Division of Epidemiology, Statistics and Prevention Research, Eunice Kennedy Shriver National Institute of Child Health and Human Development, NIH/DHHS, Rockville, MD 20852, USA.
Stat Med. 2010 Feb 28;29(5):597-613. doi: 10.1002/sim.3823.
Evaluating biomarkers in epidemiological studies can be expensive and time consuming. Many investigators use techniques such as random sampling or pooling biospecimens in order to cut costs and save time on experiments. Commonly, analyses based on pooled data are strongly restricted by distributional assumptions that are challenging to validate because of the pooled biospecimens. Random sampling provides data that can be easily analyzed. However, random sampling methods are not optimal cost-efficient designs for estimating means. We propose and examine a cost-efficient hybrid design that involves taking a sample of both pooled and unpooled data in an optimal proportion in order to efficiently estimate the unknown parameters of the biomarker distribution. In addition, we find that this design can be used to estimate and account for different types of measurement and pooling error, without the need to collect validation data or repeated measurements. We show an example where application of the hybrid design leads to minimization of a given loss function based on variances of the estimators of the unknown parameters. Monte Carlo simulation and biomarker data from a study on coronary heart disease are used to demonstrate the proposed methodology.

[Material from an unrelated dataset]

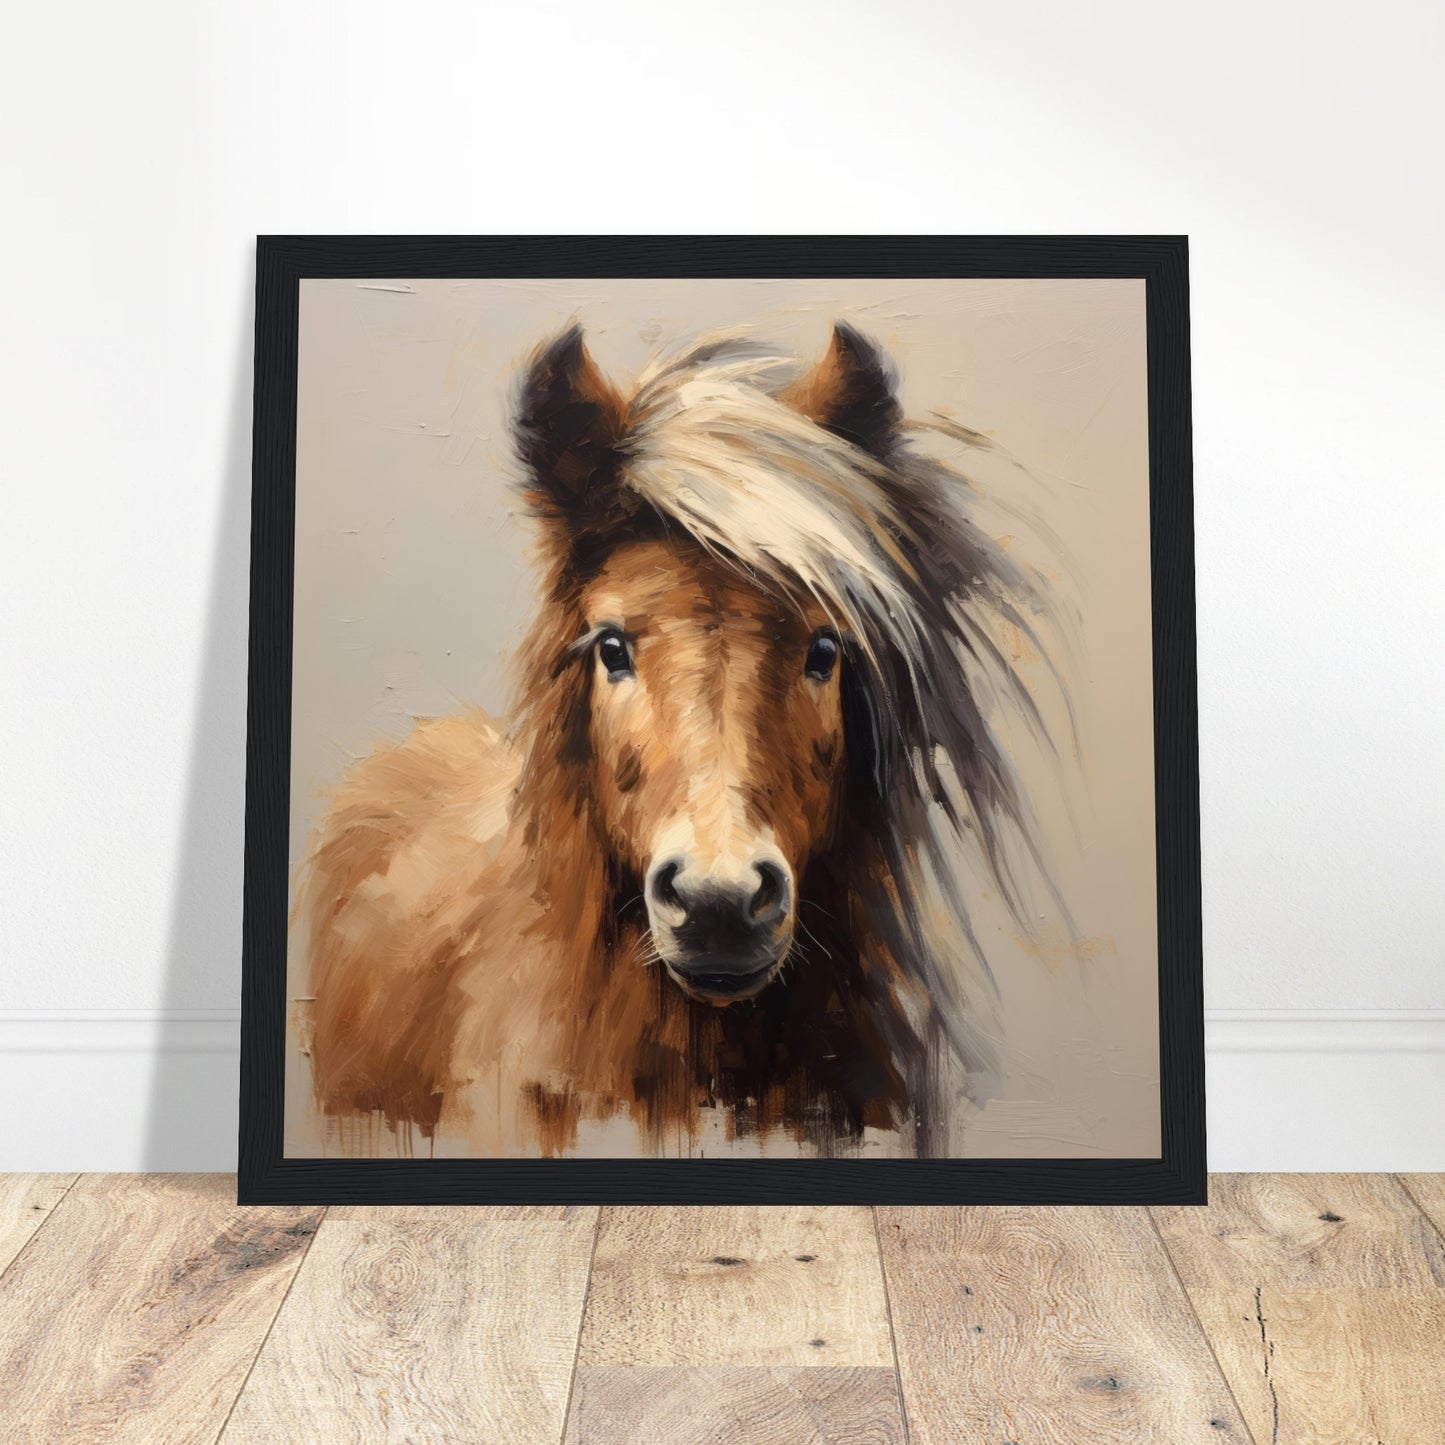 Horse Majesty #14 - Print Room Ltd Wood frame 30x30 cm / 12x12"

在流行病学研究中评估生物标志物可能既昂贵又耗时。为了降低成本和节省实验时间,许多研究人员采用随机抽样或混合生物样本的技术。通常,基于混合数据的分析受到分布假设的严格限制,由于混合生物样本,这些假设难以验证。随机抽样提供了易于分析的数据。但是,随机抽样方法并不是估计平均值的最优成本效益设计。我们提出并研究了一种成本效益混合设计,该设计涉及以最佳比例同时采集混合和未混合数据样本,以便有效地估计生物标志物分布的未知参数。此外,我们发现这种设计可用于估计和考虑不同类型的测量和混合误差,而无需收集验证数据或重复测量。我们展示了一个示例,其中混合设计的应用导致基于未知参数估计量的方差的给定损失函数最小化。我们使用来自冠心病研究的蒙特卡罗模拟和生物标志物数据来演示所提出的方法。